Parsing javascripts regular expression literals vs. division operator is notoriously difficult as the interpretation of a single `/` is context sensitive.

The concrete problem is that AT_WORD_START matches, which is almost always correct (e.g. after `,` or `=`), but not in this case since after a closing parenthesis only a division operator makes any syntactical sense. (Or to put it more parsery: regular expression literals, parenthesized expression, super/call expressions are all parsed as LeftHandSideExpression and there is no rule with two of those next to each other, as per ecma-262/6.0)

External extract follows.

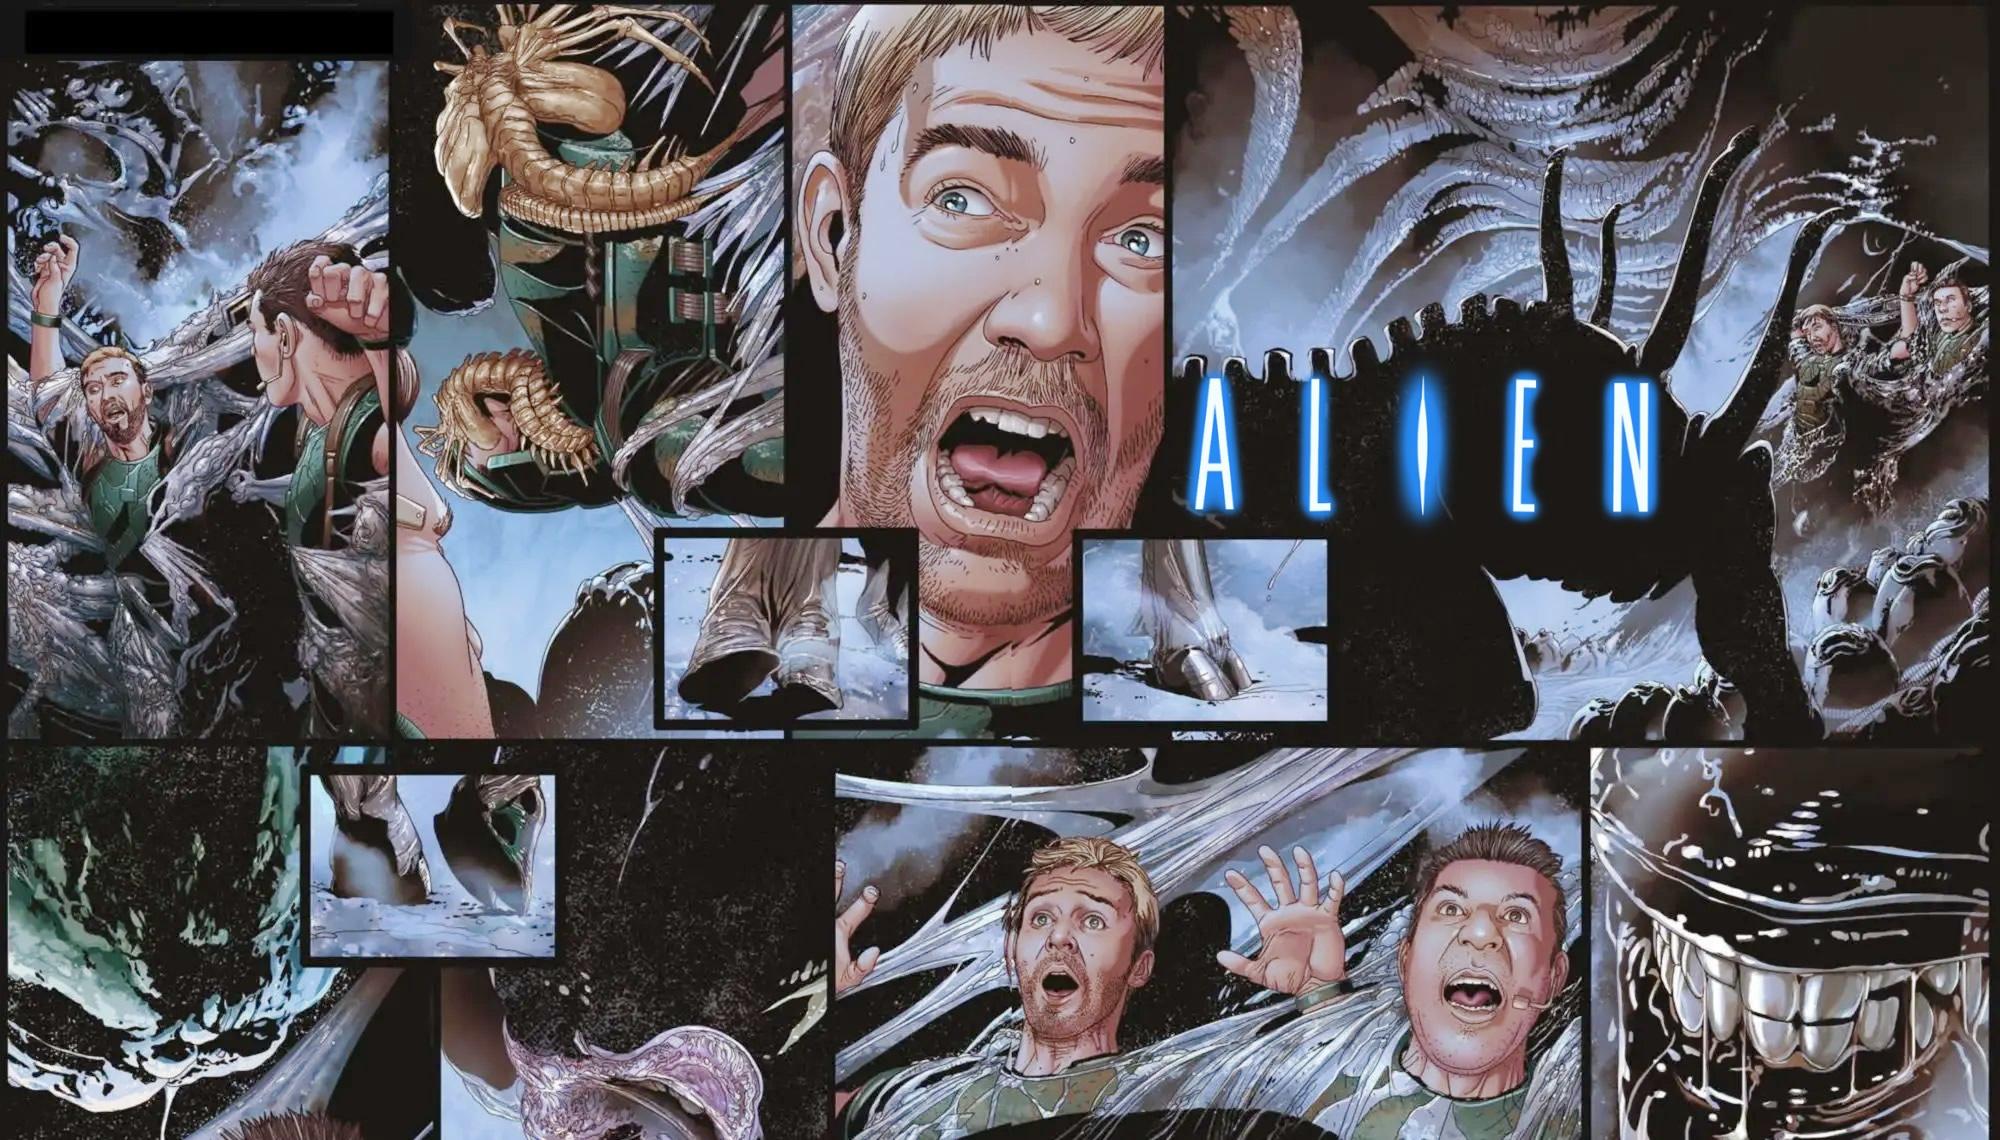 ALIEN # 1 Marvel Comics divulga um trailer para o lançamento de sua série em quadrinhos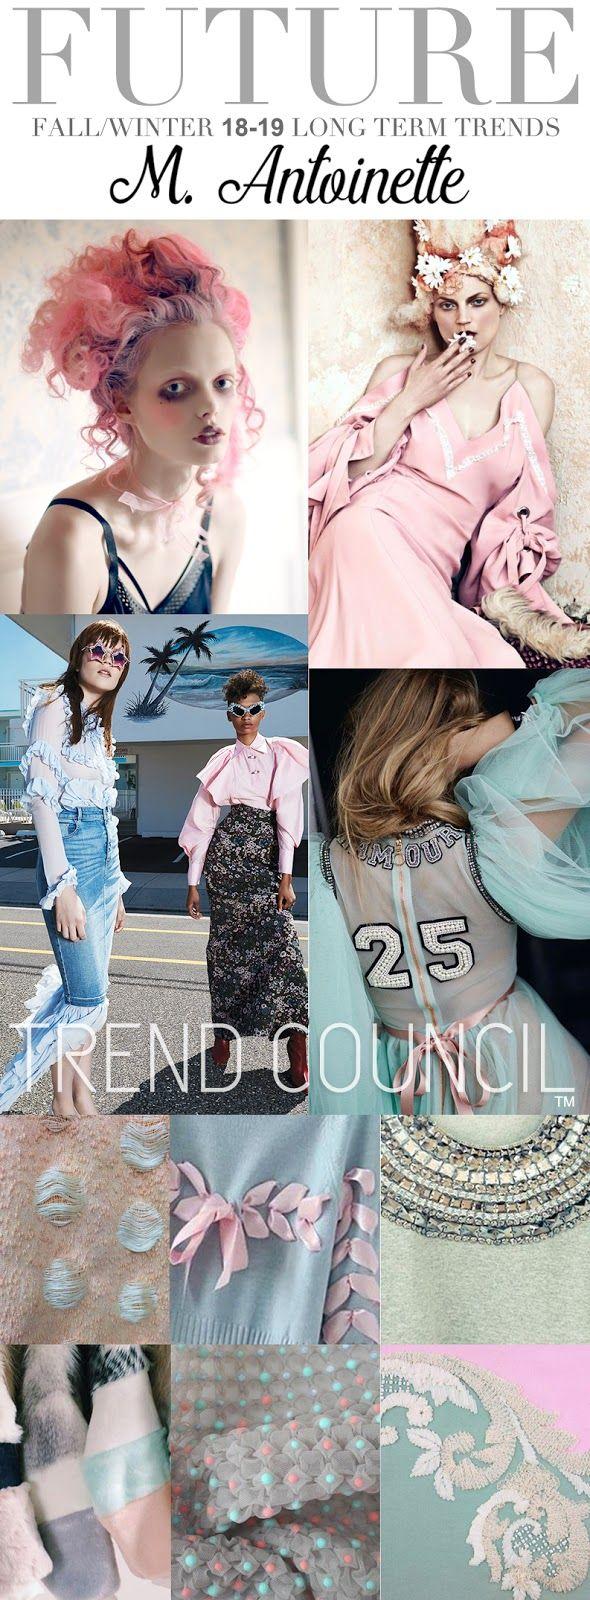 TRENDS | TREND COUNCIL - M. ANTOINETTE . FW 2018-19

As a lazy fix one could replace the `<SEQ TYPE="OPERATOR">)</SEQ>` (a few lines above the SEQ_REGEXP for regular expression literals) with this ugly thing:
```xml
<SEQ_REGEXP TYPE="OPERATOR" HASH_CHAR=")">)(\s*/(?![/*]))?</SEQ_REGEXP>
```
This marks the closing parenthesis and a possibly following single slash (but not a comment). Although this treats both characters and any whitespace between as one token, (so far) I can not produce any unwanted side effects while testing.

Another route would be to emulate part of the actual parser logic with delegation to distinguish between states where a division operator or a regex literal would be expected. This would be rather complex, but also enable a more permissive matching of regex literals, specifically allowing whitespaces (which are legal anywhere in regexes).